2

I am using multiprocessing pool.starmap function. I discover a strange issue.

from multiprocessing import Pool
p = multiprocessing.Pool()

NODE = [1,2,3,4];
PageRank = [0.25,0.25,0.25,0.25];
Destination = [[2,3,4],[3,4],[1,4],[2]];

Data = zip(NODE,PageRank,Destination)

So I use zip function to create a data set Data, which is a list with each entry being a tuple of length 3. Then I call the function

p.starmap(MyFunction, zip(NODE,PageRank,Destination))

It works great.

However, when I type

p.starmap(MyFunction, Data))

It output empty list []!!!! I really have no clue what is going on. I literally just replaced zip(NODE,PageRank,Destination) by Data, which should be the same thing, right?

Is that because I am using Jupyter notebook that causes this?

KevinKim
  • 1,382
  • 3
  • 18
  • 34
  • Both ways work fine for me when I actually write a Python script that executes both lines. It is true that [`multiprocessing` does not work well in interactive prompts](https://stackoverflow.com/questions/23641475/multiprocessing-working-in-python-but-not-in-ipython/23641560), so it's possible that's the cause of the issue you're seeing in Jupyter, but I'm not sure. – dano Aug 01 '19 at 14:07
  • Both versions actually work for me an a regular Python interactive interpreter on Linux, as long as I define `MyFunction` in a script and import it, rather than defining it on the interpreter. – dano Aug 01 '19 at 14:09
  • 1
    In case you are doing other things with the zip object, note that a it can only be iterated once.

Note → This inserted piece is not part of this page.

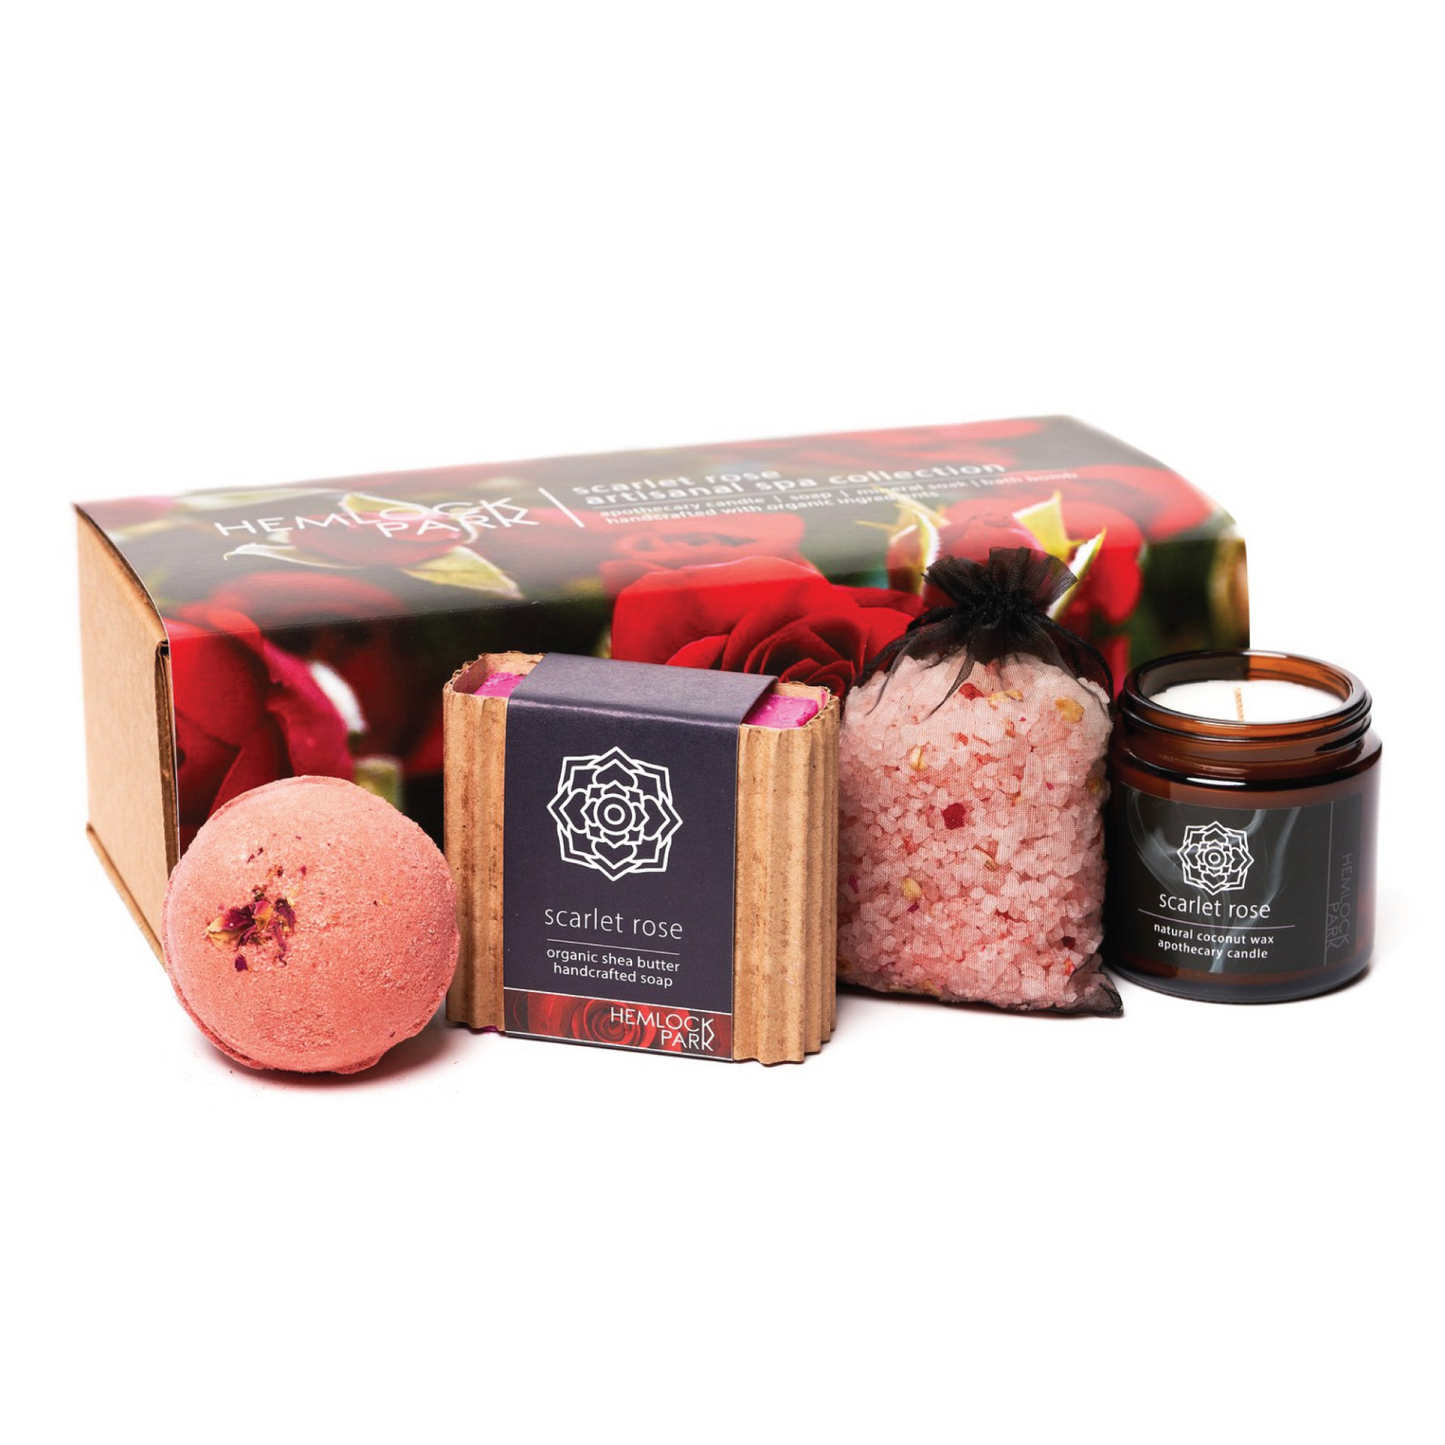 Scarlet Rose | Artisanal Spa Collection Gift Set - USA Medical Supply

If by the time you use it in starmap you are already at the end of the iterator, an empty list is what you should expect. – brentertainer Aug 01 '19 at 14:10
  • Ah, I think @brentertainer is probably right. – dano Aug 01 '19 at 14:14
  • @brentertainer could you please elaborate more on it? I just start learning this. What do you mean by `"note that a it can only be iterated once"...Thanks! – KevinKim Aug 01 '19 at 14:16
  • And you can wrap it in a list to test if that is the problem, e.g. `list(zip(...))`. With a list, you can iterate as many times as you want. – brentertainer Aug 01 '19 at 14:17
  • @ftxx Do a search for the difference between an iterator and an iterable. Like [this question](https://stackoverflow.com/questions/9884132/what-exactly-are-iterator-iterable-and-iteration). Zip objects are the former, lists the latter. – brentertainer Aug 01 '19 at 14:21

1 Answers1

5

This answer is only valid if

  • you are using Python 3, and
  • you are doing things with the zip object (e.g. debug printing) that do not appear in your post

In Python 2, zip(...) returns a list; however in Python 3, it returns a zip object (which is not the same as a list like you say in your post).

A zip object is an iterator, and so can only be iterated over once. After you reach the end of the iterator, any attempt to iterate over it again will yield nothing. For example,

>>> z = zip([1, 2], [3, 4])
>>> for x in z:
...     x
... 
(1, 3)
(2, 4)
>>> for x in z:
...     x
... 
>>> list(z)
[]

To speak on my second bullet point, I suspect you are doing something seemingly innocuous like printing all the elements of Data before you pass it as an argument to pool.starmap. If that is the case, you are exhausting the iterator, then effectively telling pool.starmap to apply MyFunction to absolutely nothing.

To fix this, you have three options.

  1. Do it the first way you mentioned in which the zip object is created inside the call to pool.starmap.
  2. Do not loop over Data prior to passing it to pool.starmap.
  3. Cast the zip object as a list (Data = list(zip(NODE,PageRank,Destination))). Then it is an iterable and you can iterate over it as many times as you would like.

In my humble opinion, this issue is just a rite of passage for newcomers to Python. If it applies to you and you want to learn more, you should read up on the differences between an iterator and an iterable, perhaps starting with this SO post.

brentertainer
  • 2,118
  • 1
  • 6
  • 15